1948 / 1951 · Information Theory

Entropy & the Guessing Game

How many bits of surprise is a letter of English actually worth?

How it works

Entropy measures the average number of yes/no questions (bits) it takes to pin down a value drawn from some distribution. A coin flip is 1 bit — one well-chosen question resolves it. A fair six-sided die is log2(6) ≈ 2.58 bits. Claude Shannon's 1948 formula:

H  =  − Σ p(x) · log2( p(x) )

Applied to English: if you had to guess the next letter of a sonnet, how many bits of uncertainty are you facing? The answer shrinks the more of the preceding text you're allowed to see. Zero-order entropy uses only overall letter frequency; first-order uses the one character before — after "q", "u" is nearly certain. This is exactly the assumption a bigram Markov chain makes, restated as an amount of uncertainty rather than a lookup table.

order 0 (no context)
4.071 bits
order 1 (prev. char)
3.263 bits
order 2 (prev. 2 chars)
2.556 bits

Real entropy over Shakespeare's 154 sonnets (90,380 characters, 27-symbol alphabet: a–z + space). Each extra character of context recovers real bits: 0.808 saved by knowing one previous letter, another 0.706 by knowing two. 2H converts entropy into an "effective number of choices" — 16.8 at order 0, down to 9.6 at order 1 — the same move neural-lm/'s perplexity makes, one level up at the word.

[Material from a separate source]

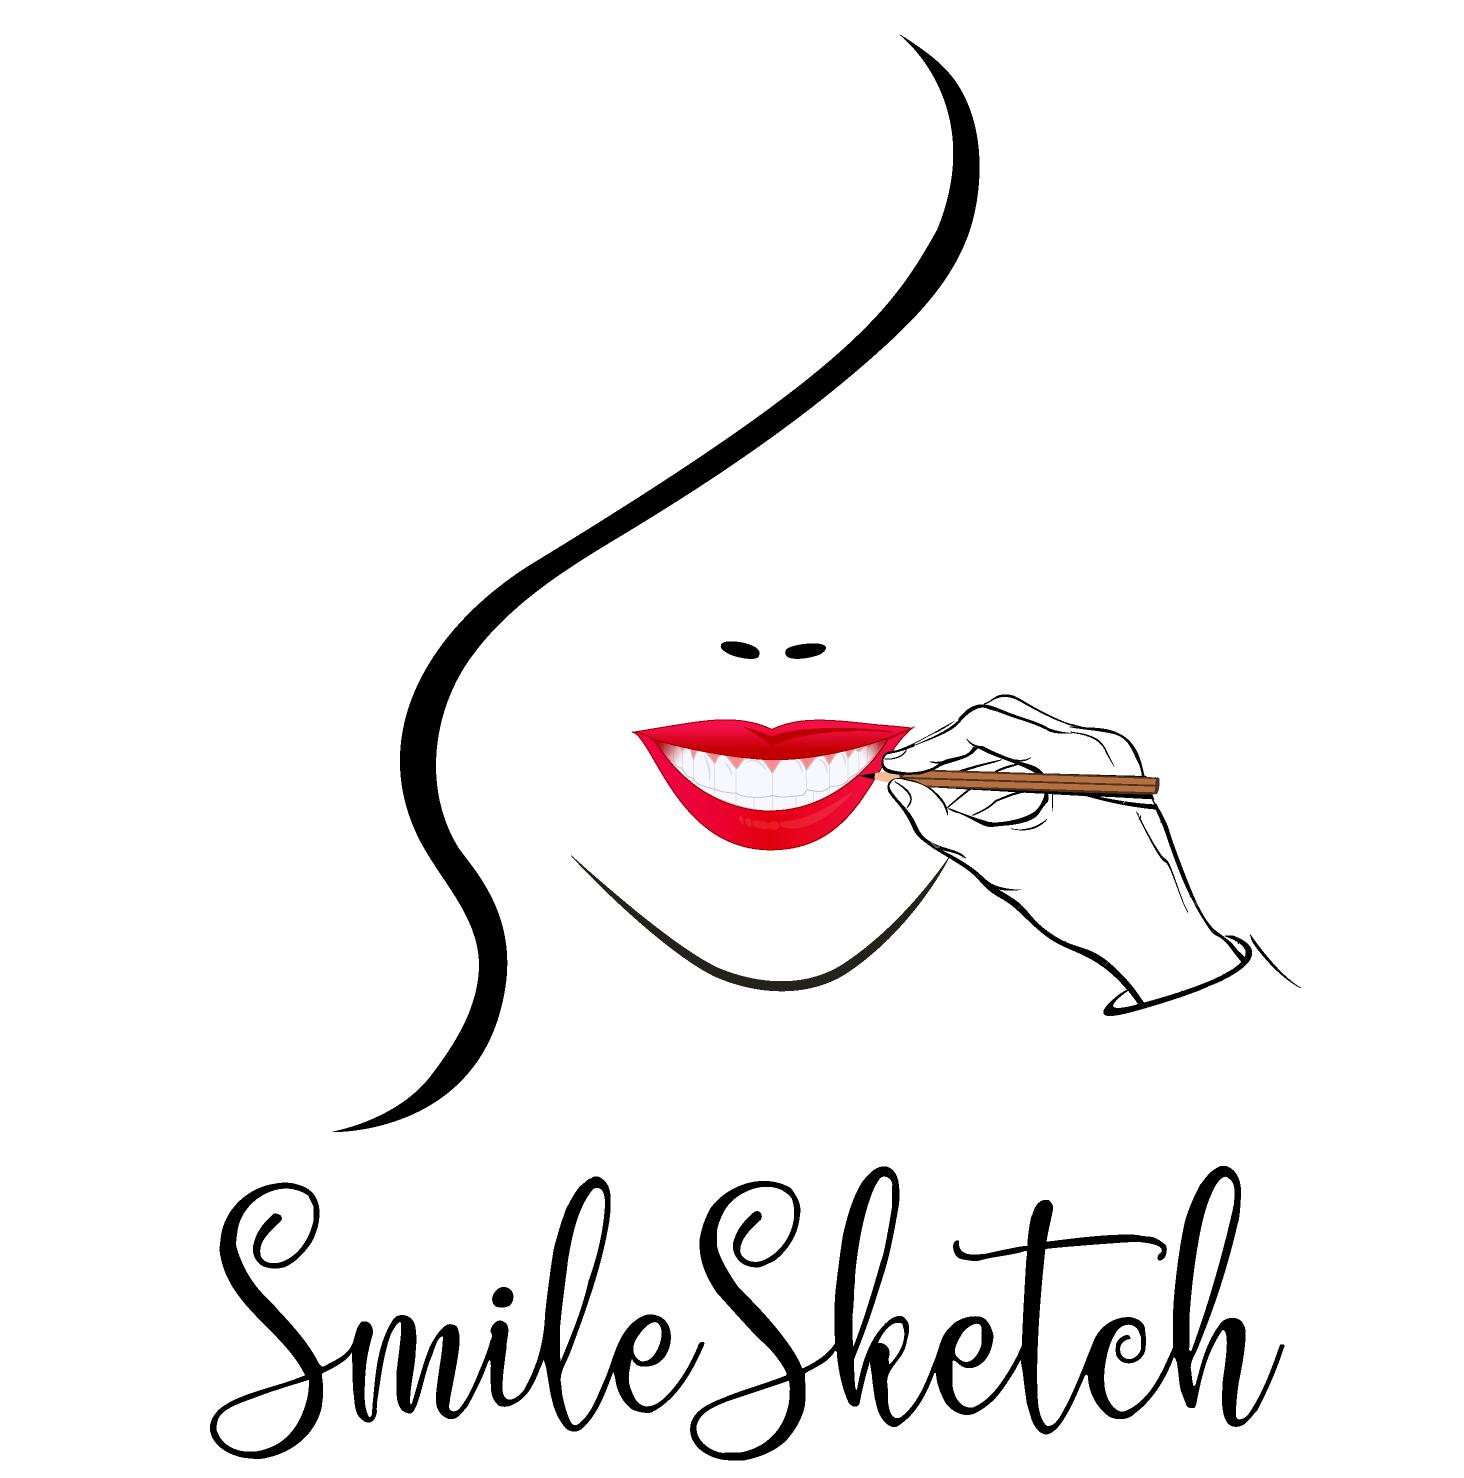 SmileSketchVegas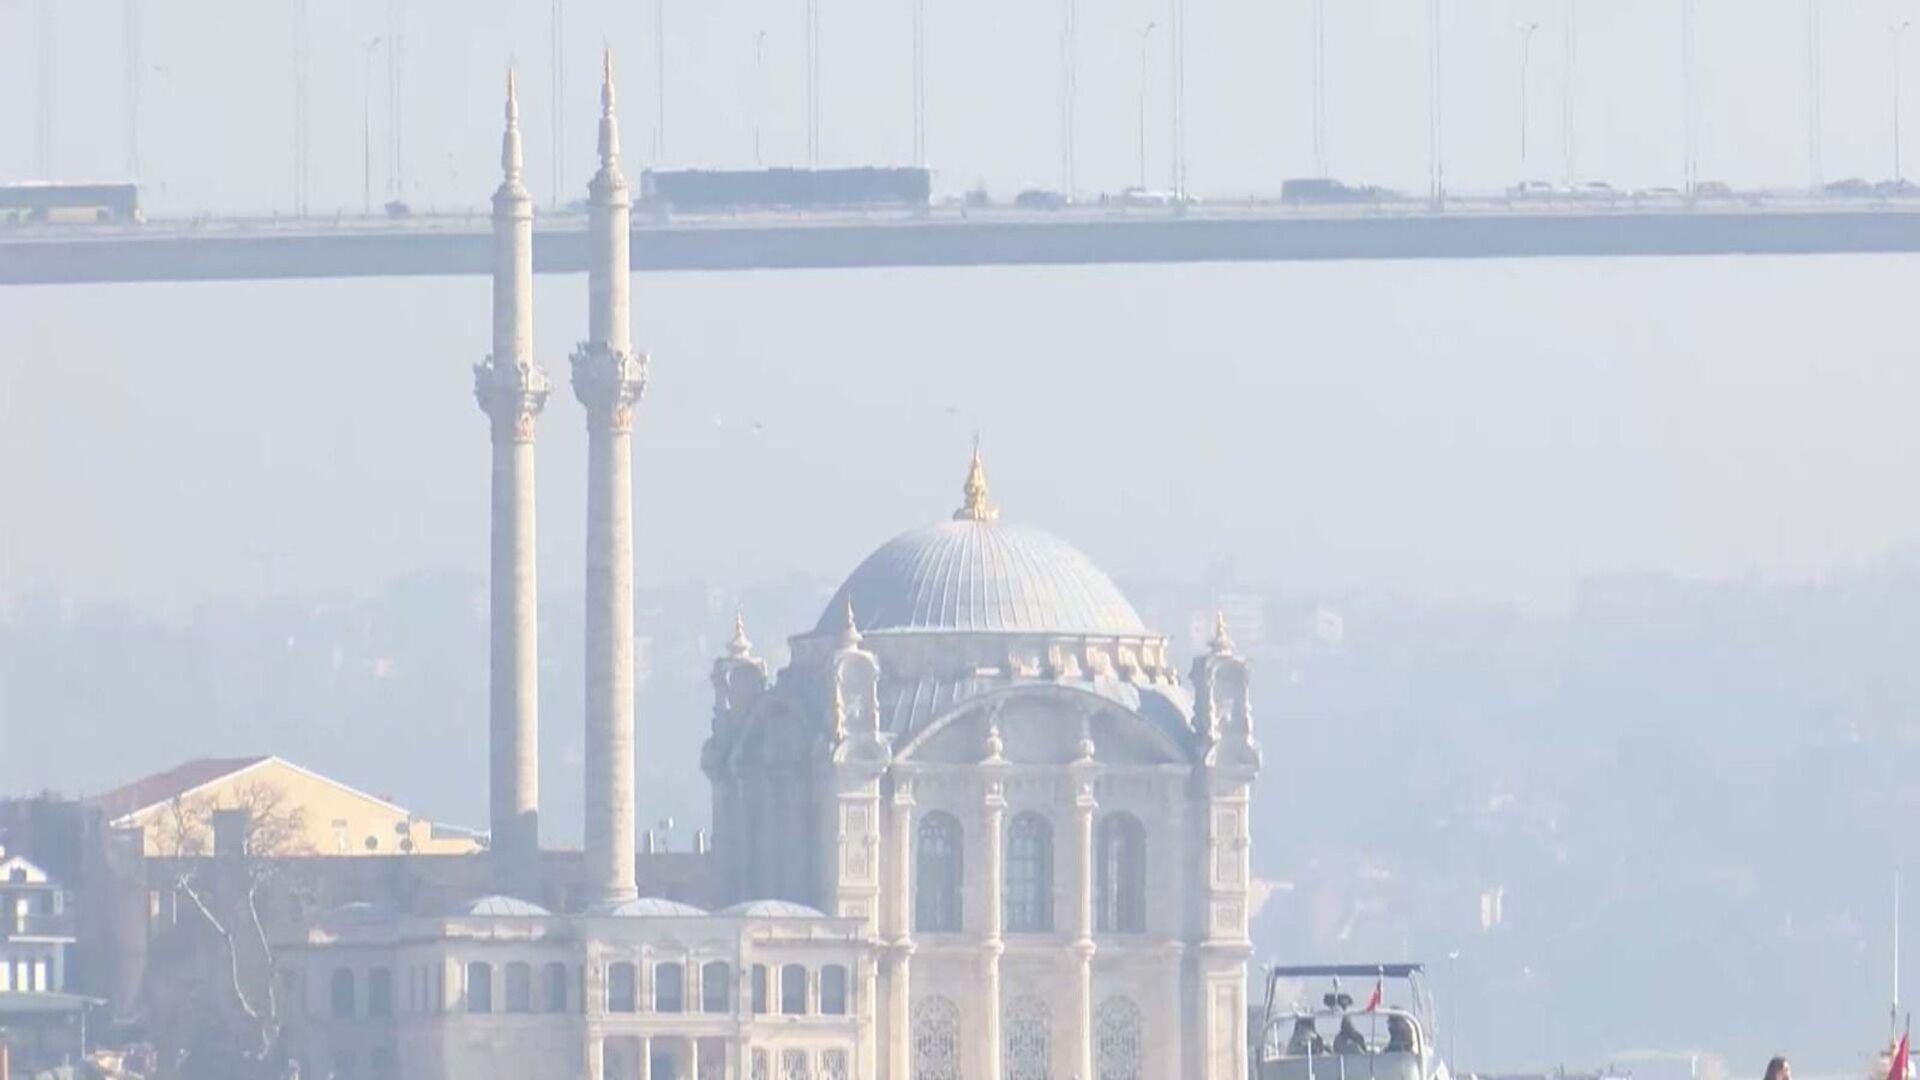 İstanbul hava kirliliği - Sputnik Türkiye, 1920, 24.09.2021

Try it: cover the line, guess the letter

Shannon's 1951 guessing game, on a real line
Loading the corpus…

Where it falls short

Entropy from finite text is optimistic. The order-2 table behind this page has only 430 distinct two-character contexts drawn from 90,380 characters — some seen once or twice, so their measured "uncertainty" is artificially low. Treat higher-order numbers as lower bounds, not precise measurements.

Character entropy isn't meaning. Bits per character measure how compressible the symbol stream is, not whether the text makes sense. A model can have excellent (low) entropy while generating grammatical nonsense.

This uses a perfect frequency table, not a human. Shannon's original 1951 experiment used real human guessers and derived formal entropy bounds from their guess-rank distribution. This demo substitutes an exhaustive count for the human — simpler to reproduce, but a different estimator with different numbers.